Problem to work on.
Please set down, with no changes, every line of the material below from the one containing "Plakat promujący konsultacje" through the end. Skip the pictures.

----- Source material -----

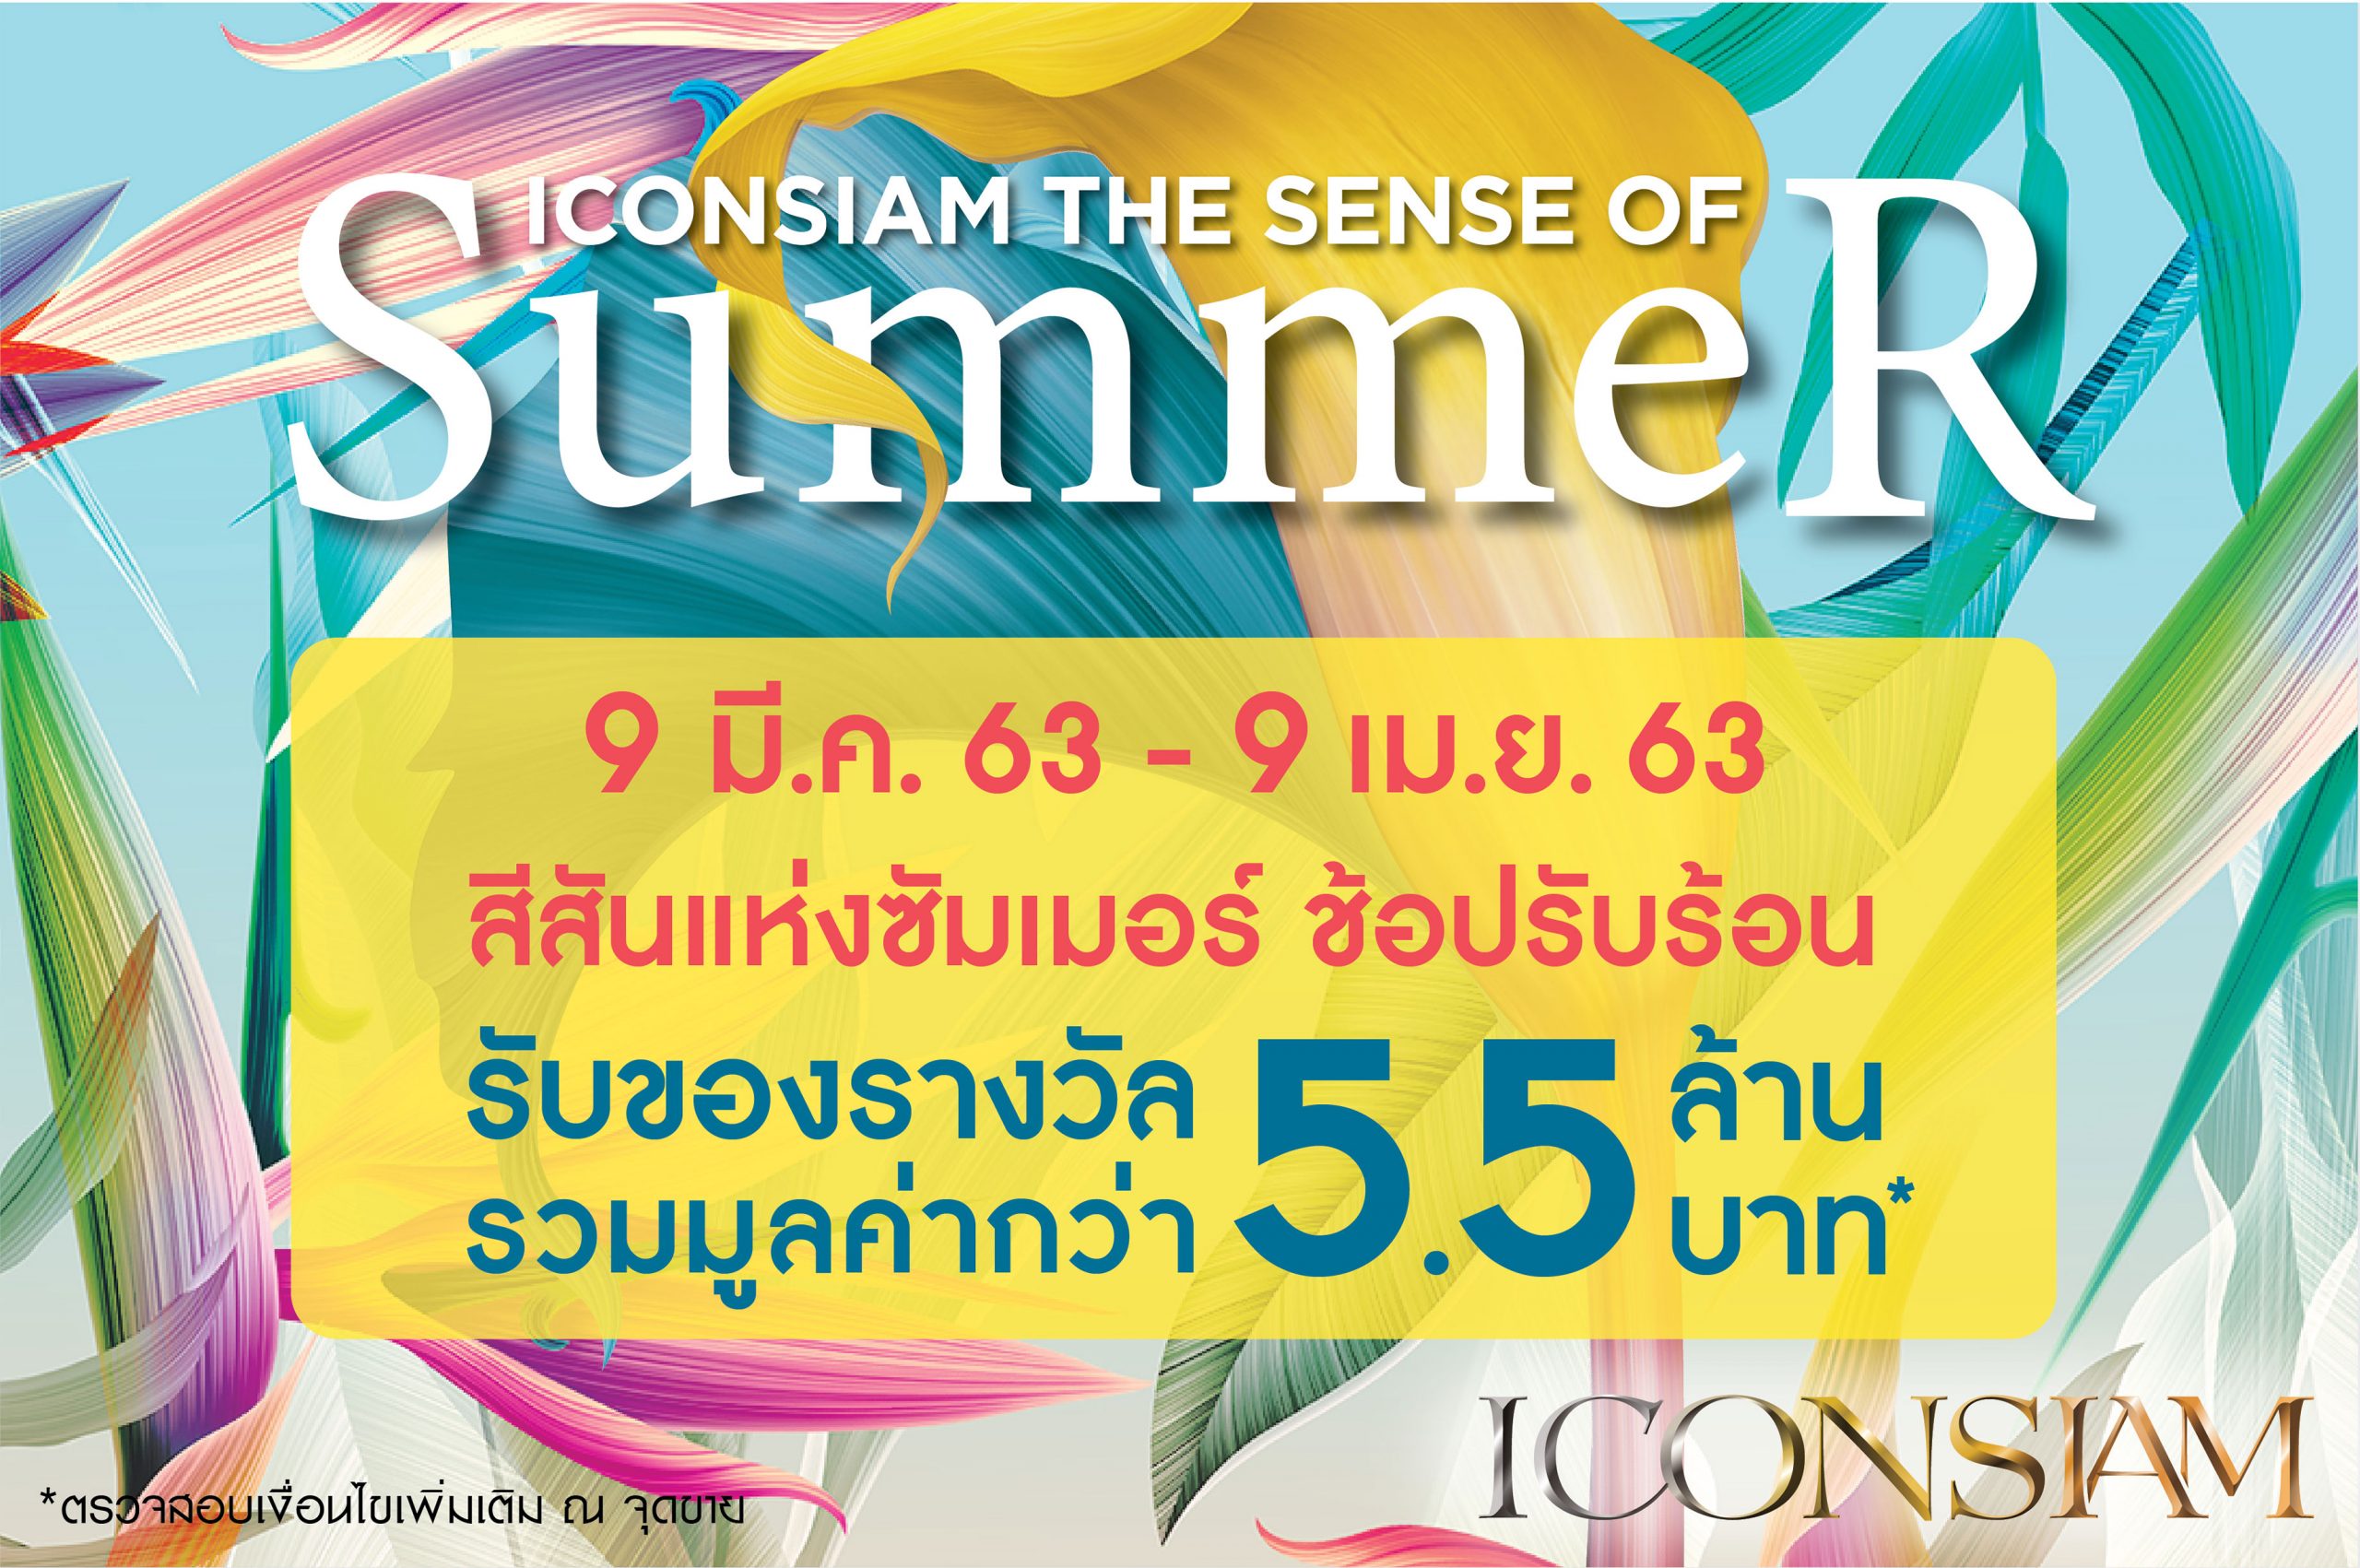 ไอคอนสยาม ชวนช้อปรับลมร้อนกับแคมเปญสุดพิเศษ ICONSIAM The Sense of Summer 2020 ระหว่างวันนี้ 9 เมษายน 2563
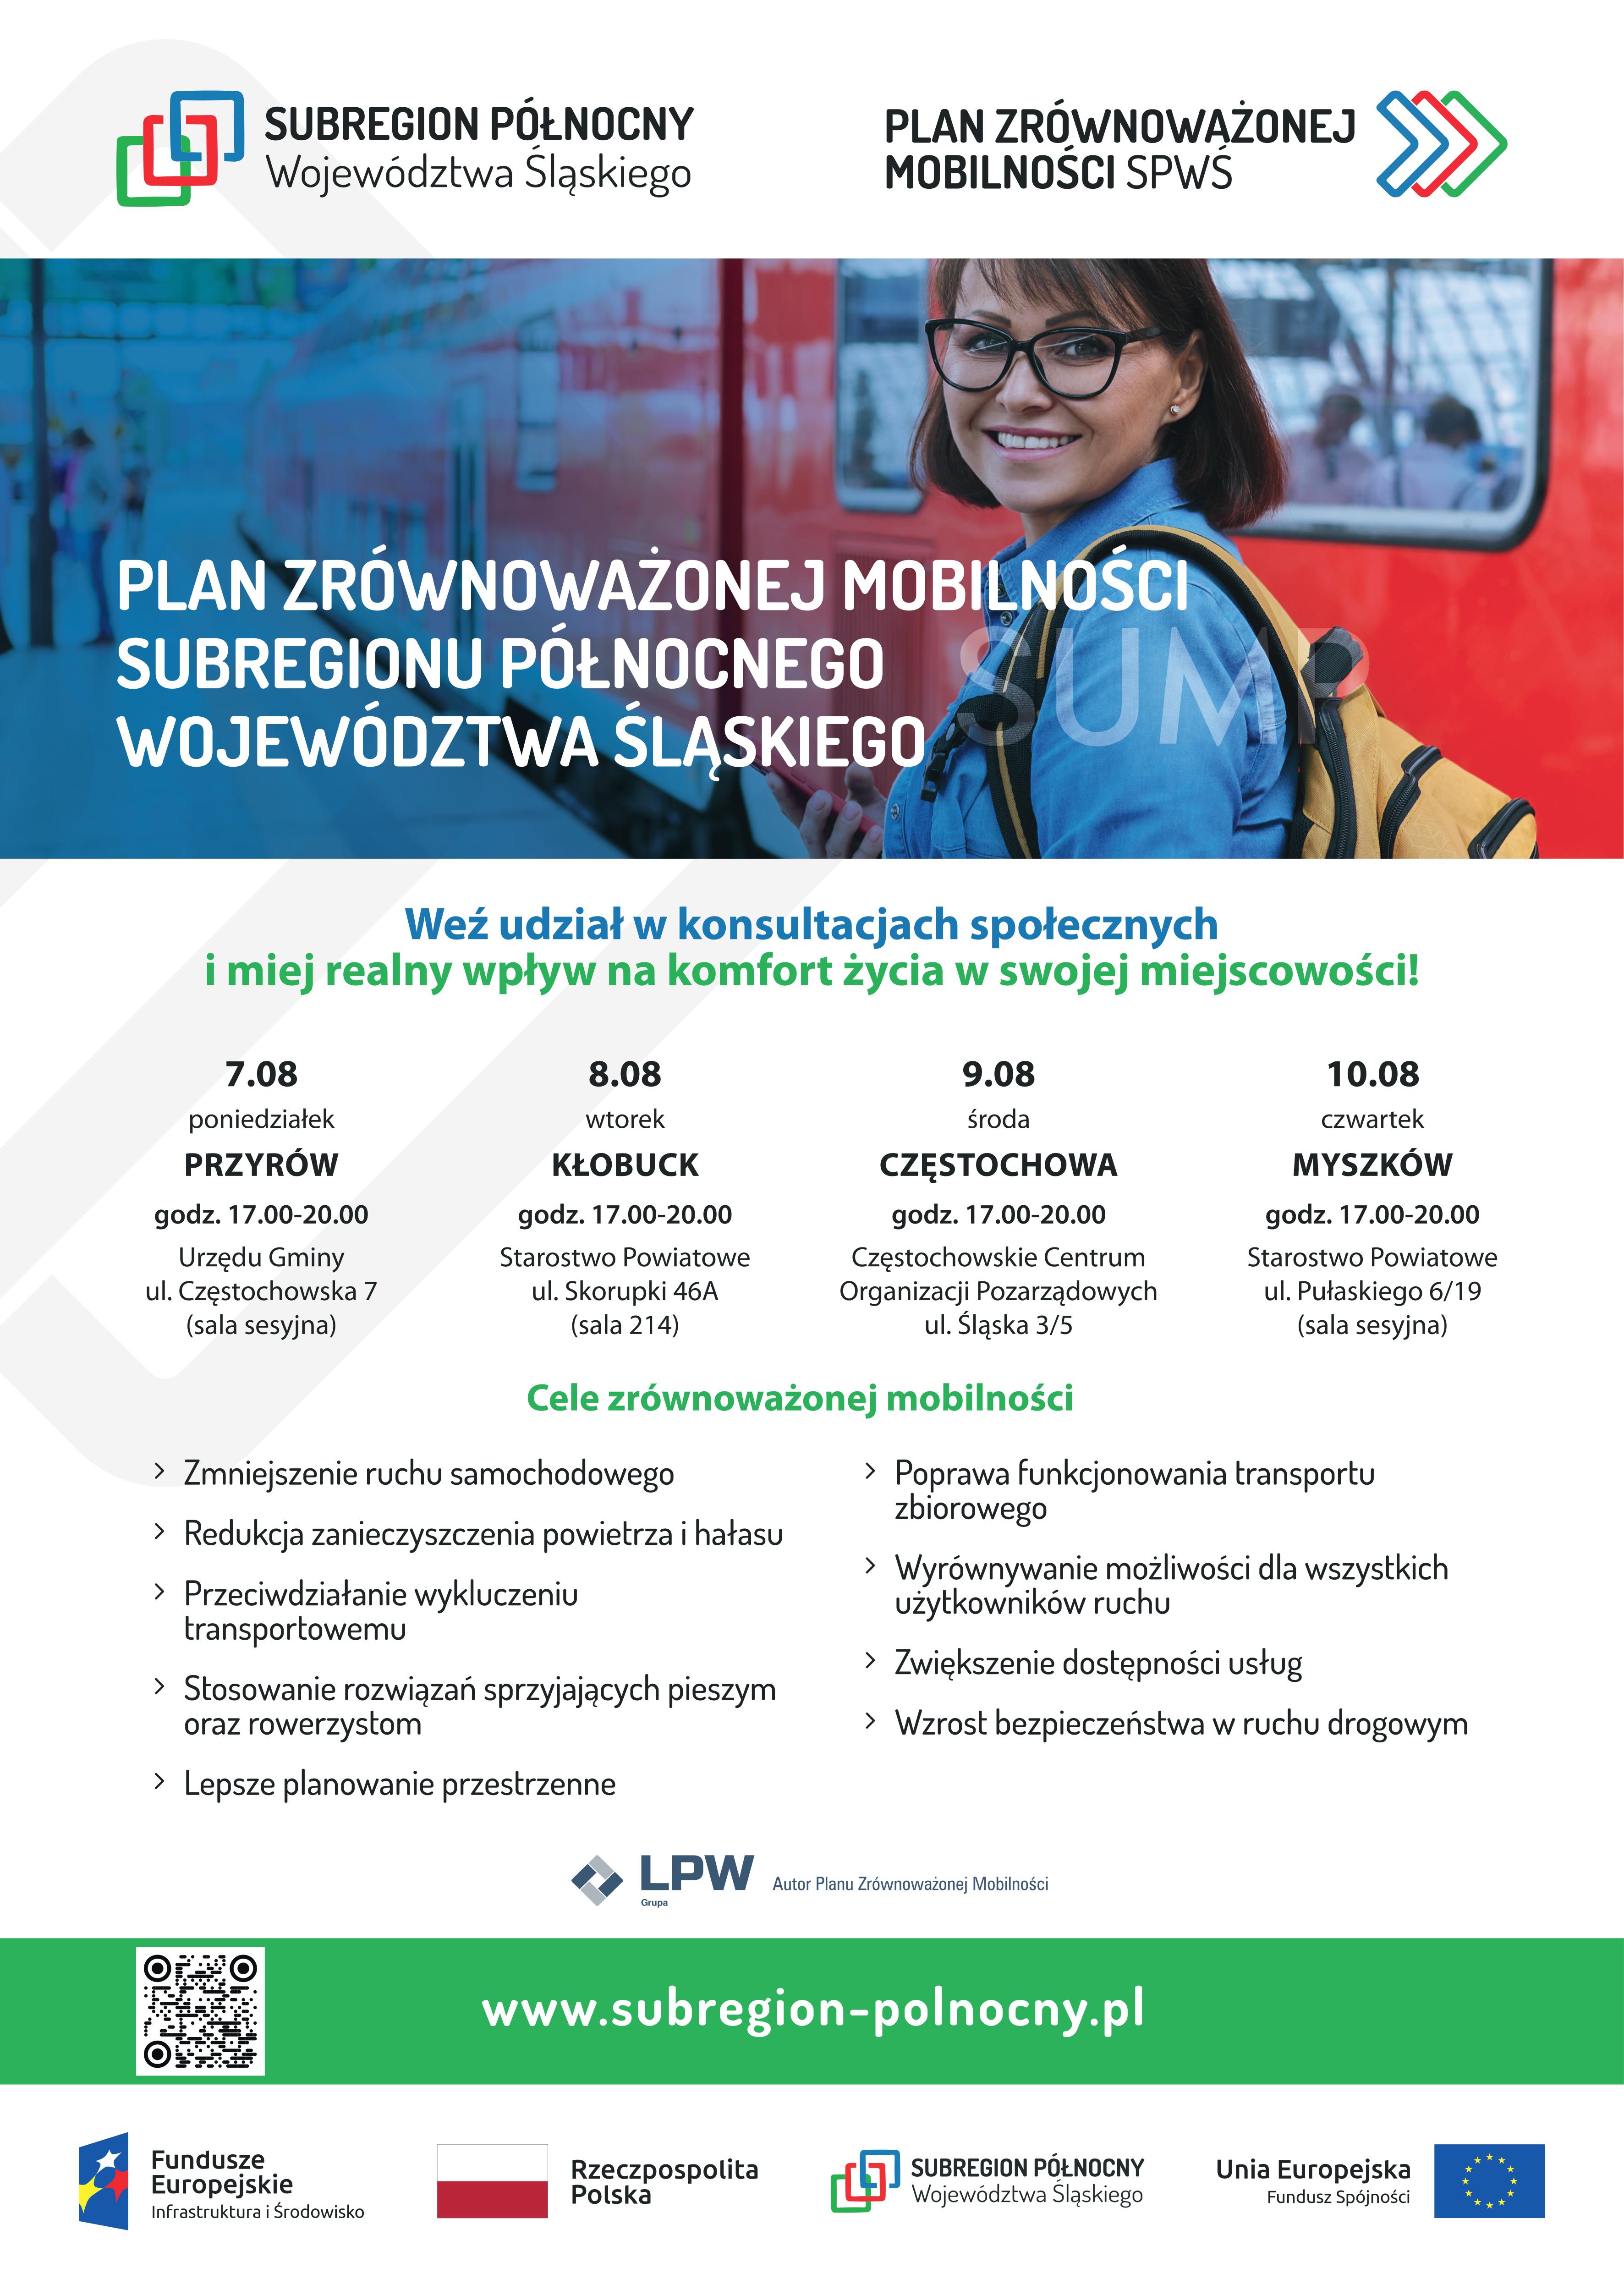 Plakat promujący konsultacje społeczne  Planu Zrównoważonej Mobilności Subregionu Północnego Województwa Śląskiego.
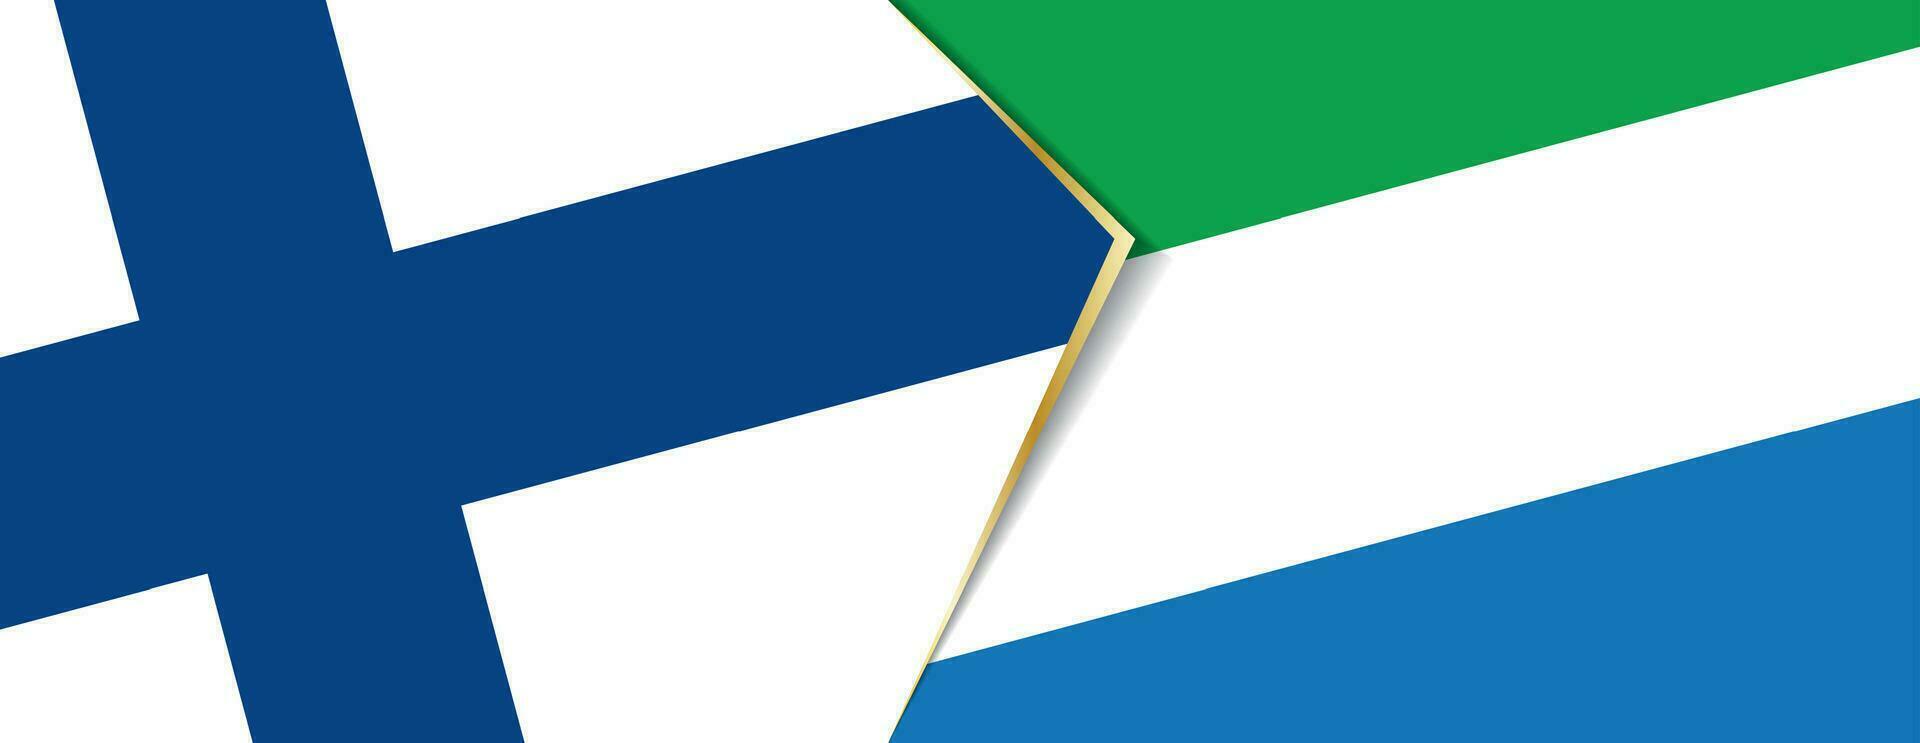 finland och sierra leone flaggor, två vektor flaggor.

-----

Your response.
 Plakat promujący konsultacje społeczne  Planu Zrównoważonej Mobilności Subregionu Północnego Województwa Śląskiego.
 finland och sierra leone flaggor, två vektor flaggor.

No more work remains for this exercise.